This Day in Coast Guard History – March 18

Thursday, March 18, 2010

1909-  Stations Holly Beach, and Hereford Inlet, New Jersey: the schooner C.B. parted its chain while weighing anchor.  She set a distress signal which was discovered by the lookouts at both stations.  The surfboats proceeded to the scene and surfmen swept for the chain and assisted in securing it on board.

1943- USS Ingham, CG, rescued all hands from the torpedoed SS Matthew Luckenbach.

1967-The 378-foot high endurance cutter Hamilton, first in her class, was commissioned.  This was the first class of major vessels in the U.S. government's inventory that were powered by jet turbines.
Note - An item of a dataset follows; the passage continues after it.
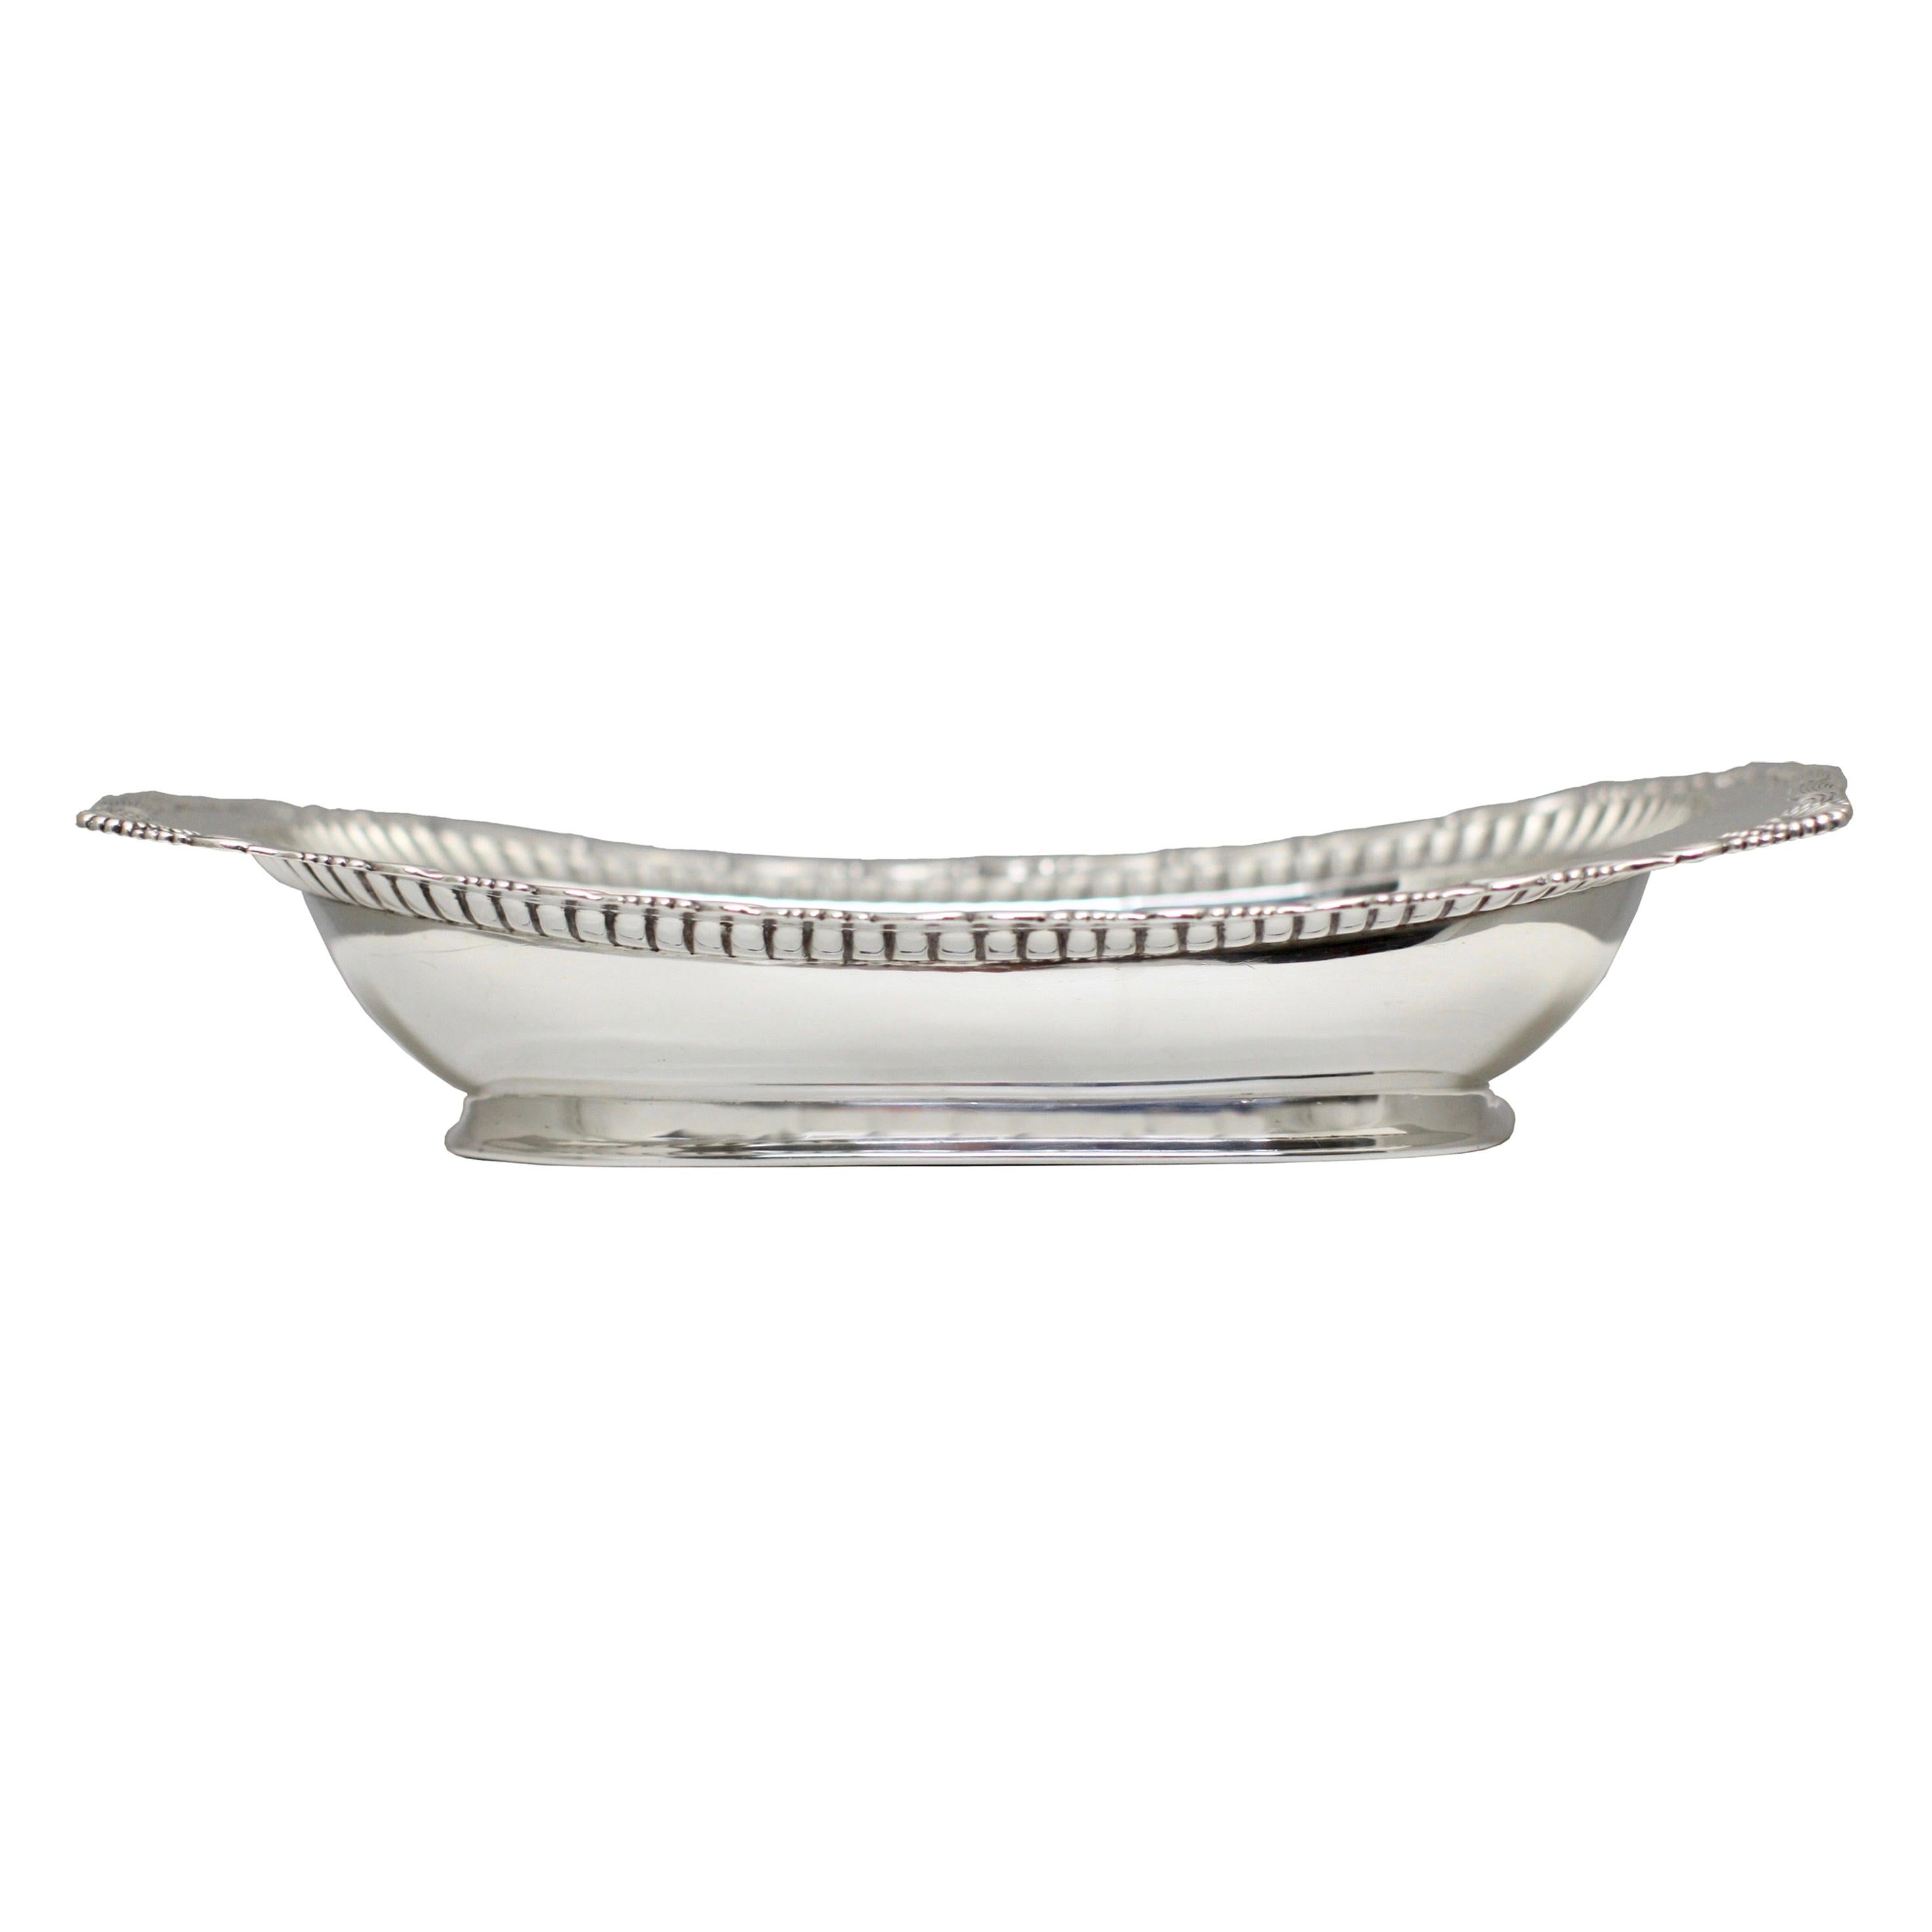 Tiffany & Co. '1891-1902' Sterling Silver Serving Bowl For Sale

1991- CGC Cape Hatteras (WPB 95305) was decommissioned on 18 March 1991.  She was the last 95-foot patrol boat in the Coast Guard.  She was then transferred to Mexico.

1996- The single-hulled barge San Gabriel buckled and split open in rough seas, rupturing two tanks and spilling 210,000 gallons of oil in the Houston Ship Channel near Galveston, Texas.  Coast Guard Marine Safety Unit Galveston established a joint command structure with local agencies and private contractors to isolate and then clean up the spill.  Personnel from the Gulf Strike Team, MSO Houston, MSO New Orleans, Aviation Training Center Mobile, and the 8th District supplemented MSU Galveston.  The majority of the spill was cleaned up in three days.

2000- CGC Thetis seized the F/V Viviana II which was grossly overloaded with 234 Ecuadorean migrants.  The vessel and the migrants were turned over to the Ecuadorean Navy.

2007- The Coast Guard made the largest cocaine seizure in its history (to date) when CGCs Hamilton and Sherman seized 42,845 pound of cocaine aboard the Panamanian-flagged M/V Gatun off the coast of Panama.  The Gatun was first located by a HC-130 on 17 March.